**Description of the task:** Every line from the one with "Clipart kitchen producer." through the final line of the data below goes in the answer, copied exactly. Pictures do not.

**Provided data:**

== == ==

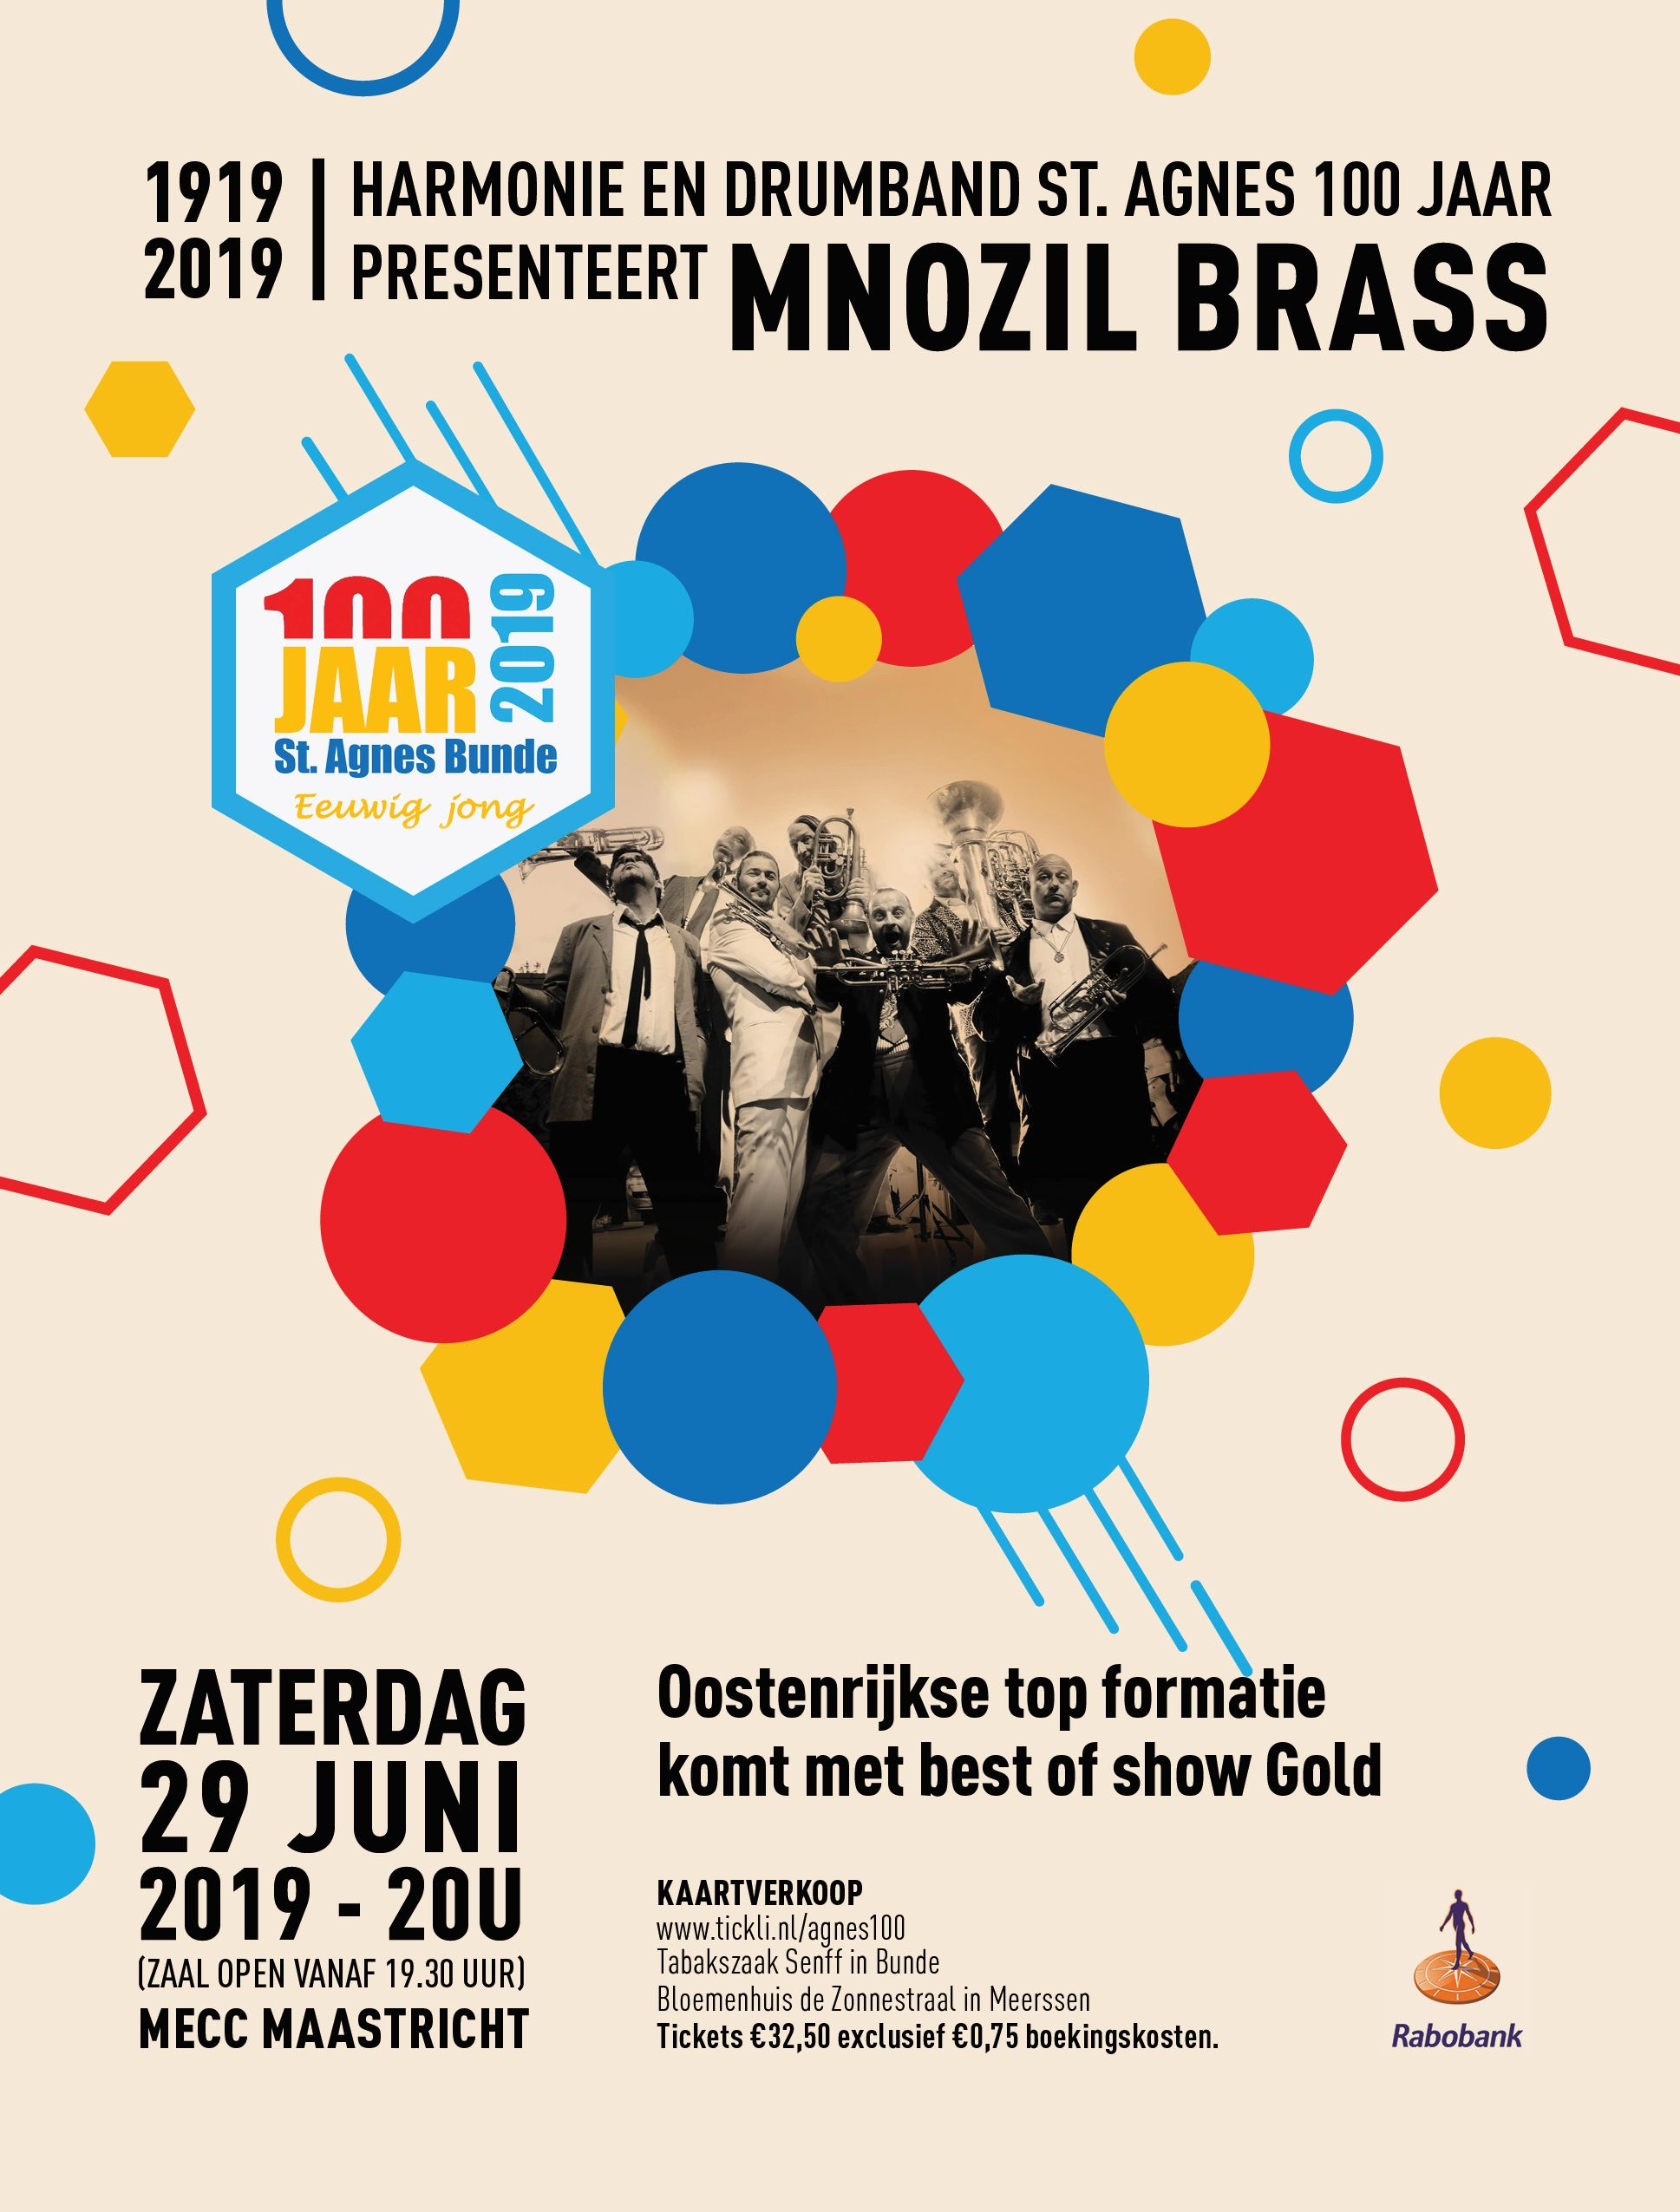 Mnozill Brass Maastricht 25 maart - 15 april
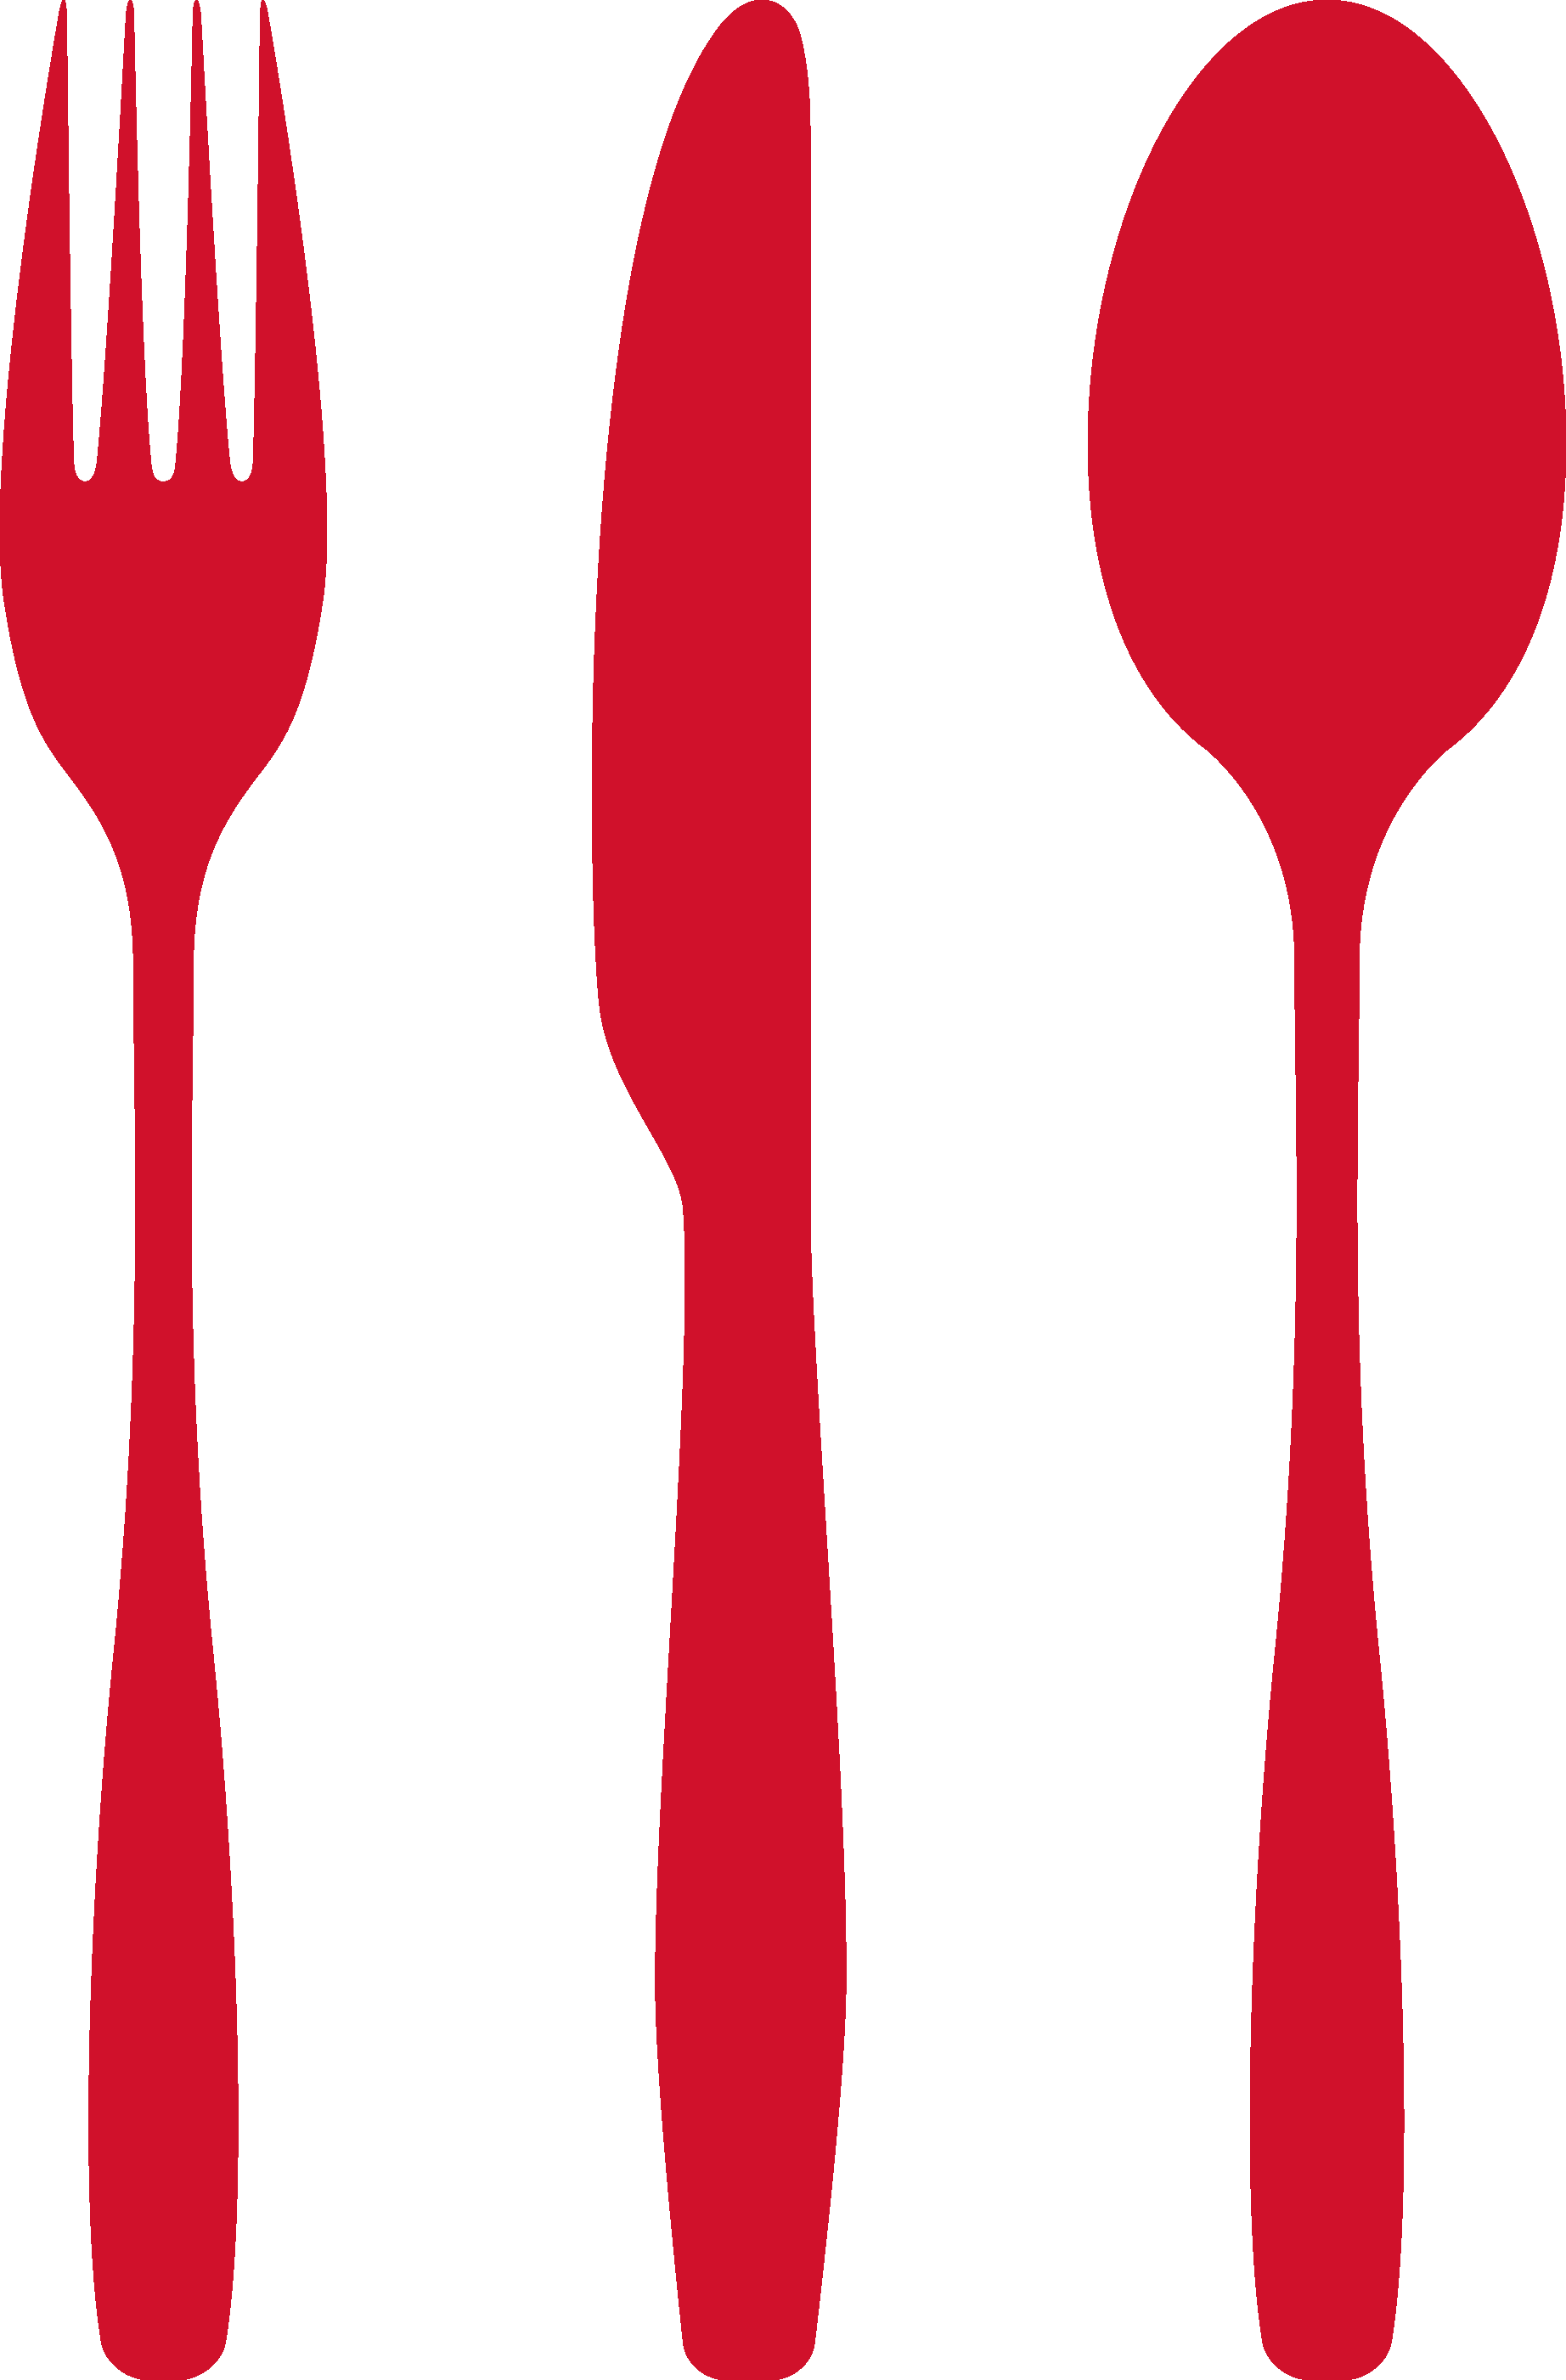 Clipart kitchen producer. Food beverage service insurance
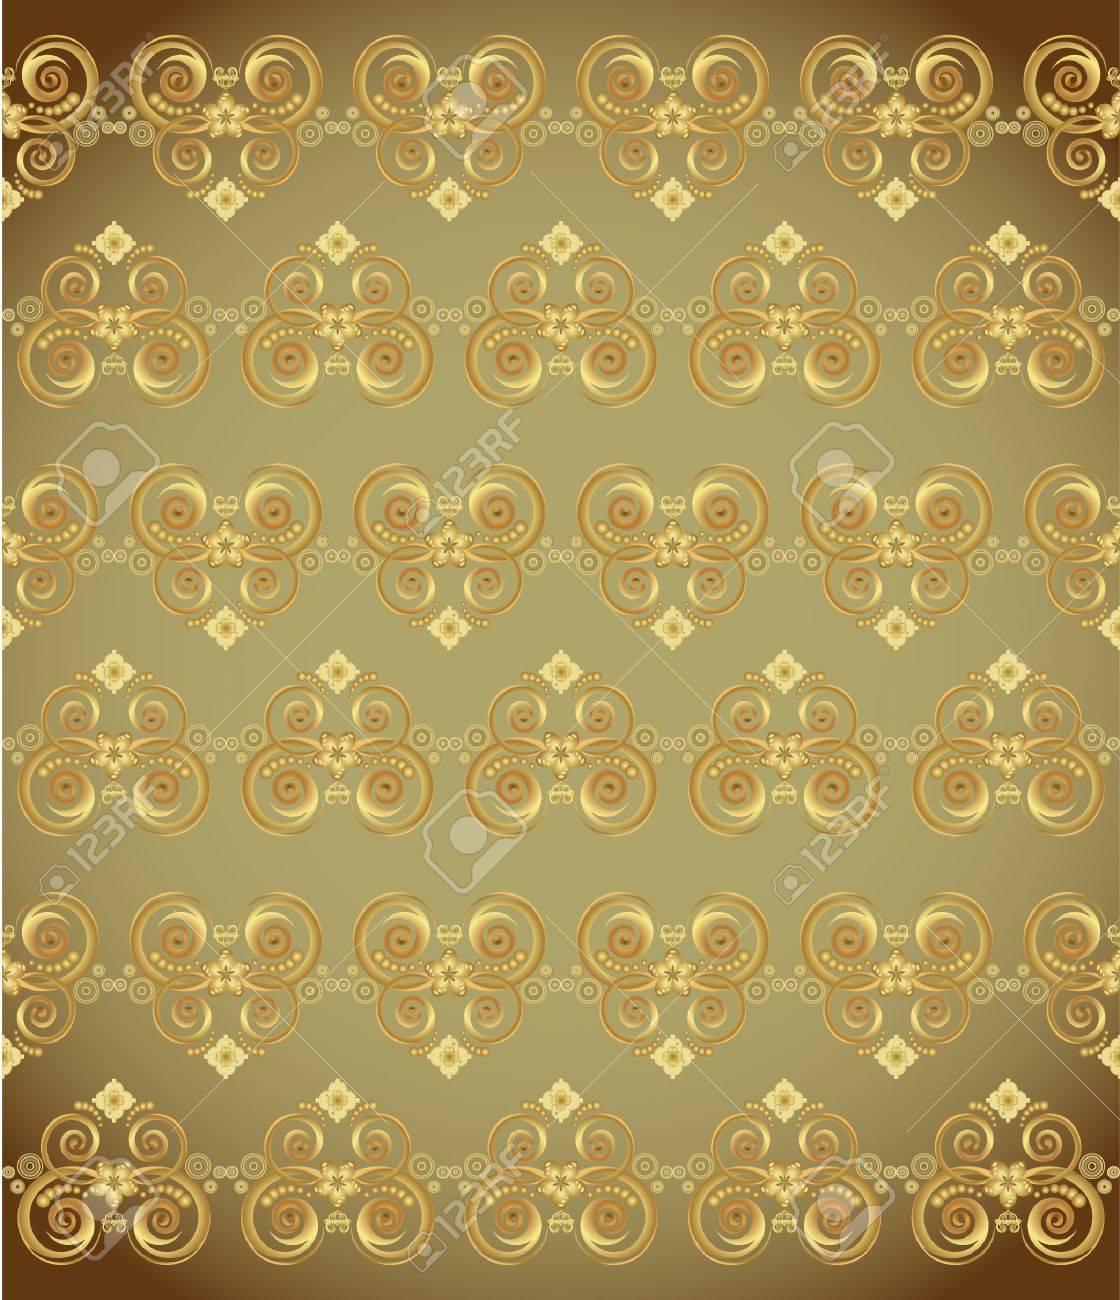 golden wallpaper with a pattern - seamless texture Stock Vector - 10119041

== == ==

**Answer to this problem:**
 Clipart kitchen producer. Food beverage service insurance
 golden wallpaper with a pattern - seamless texture Stock Vector - 10119041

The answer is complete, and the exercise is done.